In this study, we searched for evidence that additional genetic variants (other than the known AS3MT variants) influence arsenic methylation capacity, measured as the relative concentration of DMA in urine, using various approaches to evaluate polygenic susceptibility. We used SNP-based heritability methods to estimate the heritability in arsenic metabolism efficiency that is attributable to measured and imputed genome-wide SNPs, which we also refer to as the percent variance explained (PVE) by measured SNPs. We also used a “family-based” version of this method to estimate the full narrow-sense heritability, which reflects the additive contributions of all variants, including unmeasured rare variants (Yang et al. 2010; Zhou et al. 2013). We also conducted regional heritability analyses to estimate the heritability due to common SNPs in each segment of the genome (Nagamine et al. 2012). We used polygenic scoring (Purcell et al. 2007) to assess the polygenic contribution of arsenic metabolism variants that passed a significance threshold to skin lesion risk. In addition, we evaluated associations of 20 SNPs reported to be associated with arsenic methylation capacity in prior candidate gene studies.
Materials and Methods
Study population. The Health Effects of Arsenic Longitudinal Study (HEALS) is a large prospective cohort study of the health consequences of arsenic exposure. Details of the study design have been published previously (Ahsan et al. 2006a). A total of 11,746 healthy married adults (18–75 years of age) were enrolled in 2000–2002. At baseline, study interviewers collected information on demographic and lifestyle characteristics, conducted clinical examinations, and obtained biospecimens (blood and urine). Water samples from all 5,966 wells serving the 25-km2 study area were collected. Follow-up surveys and comprehensive physical examinations are conducted every 2 years. Approximately 1,000 of the HEALS subjects in this analysis were randomly selected to have their metabolites measured, and > 1,000 additional participants had metabolite data available due to prior ancillary studies. Only HEALS samples were used for the primary analyses described below, including chip heritability, regional heritability, and associations for candidate SNPs. For the polygenetic scoring analyses, in addition to all 2,053 HEALS samples with metabolite data, which constituted the training set, HEALS also contributed 1,285 controls and 24 skin lesion cases to the “testing” set.
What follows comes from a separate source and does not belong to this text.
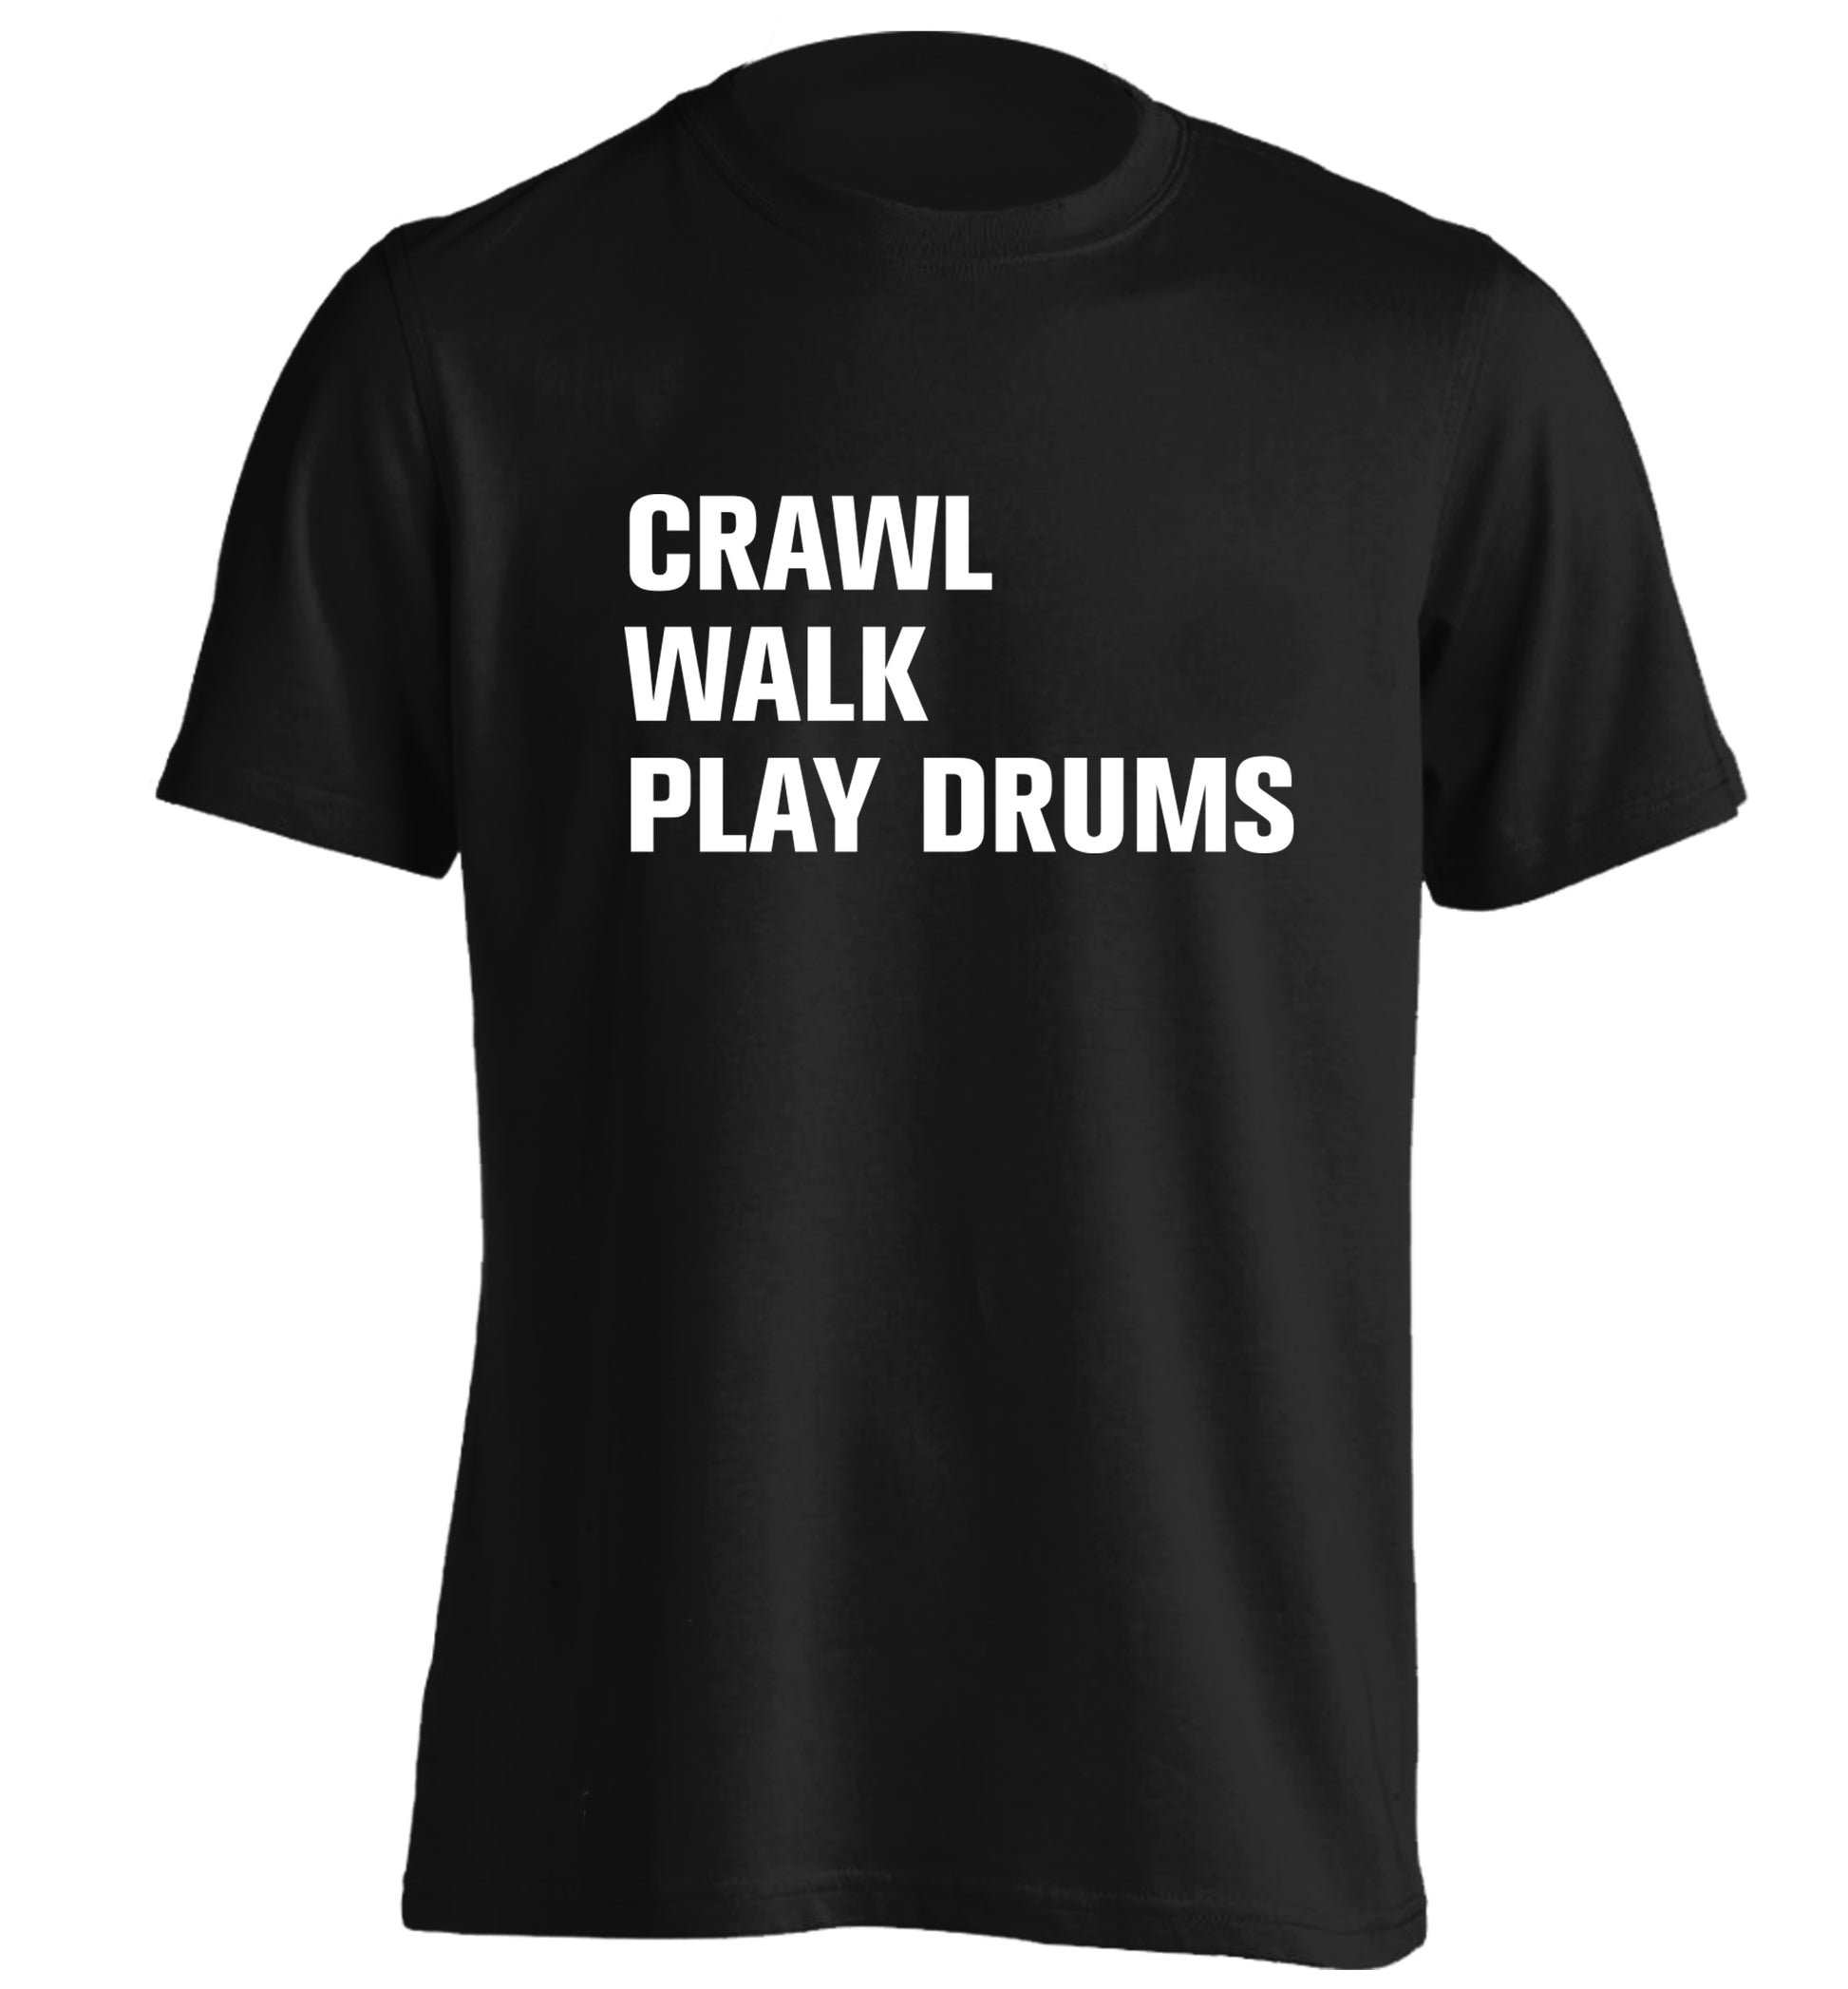 Crawl walk play drums adults unisex black Tshirt 2XL

The Bangladesh Vitamin E and Selenium Trial (BEST) is a 2 × 2 factorial randomized chemoprevention trial evaluating the effects of vitamin E and selenium supplementation on nonmelanoma skin cancer risk (Argos et al. 2013). A total of 7,000 individuals have been randomized to one of four treatment arms: vitamin E only (100 IU/day), L-selenomethionine only (200 μg/day), both vitamin E and selenium, and placebo. All participants were required to have existing arsenic-related skin lesions to be eligible. BEST participants are residents of roughly the same geographic area as HEALS, and the studies have very similar protocols, questionnaires, and biospecimen collection procedures. Biological samples, including blood and urine, were collected at baseline, along with clinical and covariate data. In this study, 1,990 BEST participants living in the Araihazar area were randomly selected for genotyping. These 1,990 skin lesions cases were included in the polygenic scoring analyses only, as a part of the “testing set.”
SNP genotyping. A sample of 5,499 individuals was selected from HEALS (n = 3,454) and BEST (n = 2,045) for genome-wide SNP genotyping using Illumina’s Cyto12 SNP array (~ 300,000 SNPs). For HEALS, DNA was extracted from clotted blood using Flexigene DNA kits (catalog no. 51204; from QIAGEN. For BEST, DNA was extracted from whole blood using the QIAamp 96 DNA Blood Kit (catalog no. 51161; QIAGEN). Genotyping methods and quality control have been described previously (Pierce et al. 2012, 2013). Genotyping was conducted in two batches. A total of 5,354 participants and 257,747 SNPs passed our quality control (QC) filters. QC included sample-level filters (excluding samples with call rate < 0.97, outlying heterozygosity values, and sex mismatches) and marker-level filters (excluding SNPs with call rates < 0.95 and Hardy–Weinberg p < 10–10, and minor allele frequency < 0.01) as described previously (Pierce et al. 2012, 2013). The total genotyping rate among eligible samples was 99.8%. Genotype imputation was conducted using MaCH (Markov Chain Haplotyping algorithm) software and the HapMap 3 GIH reference panel (Gujarati Indians in Houston), yielding genotypes for 1,211,988 SNPs after QC, restricting to SNPs with an imputation accuracy of r2 > 0.3 (Li et al. 2010).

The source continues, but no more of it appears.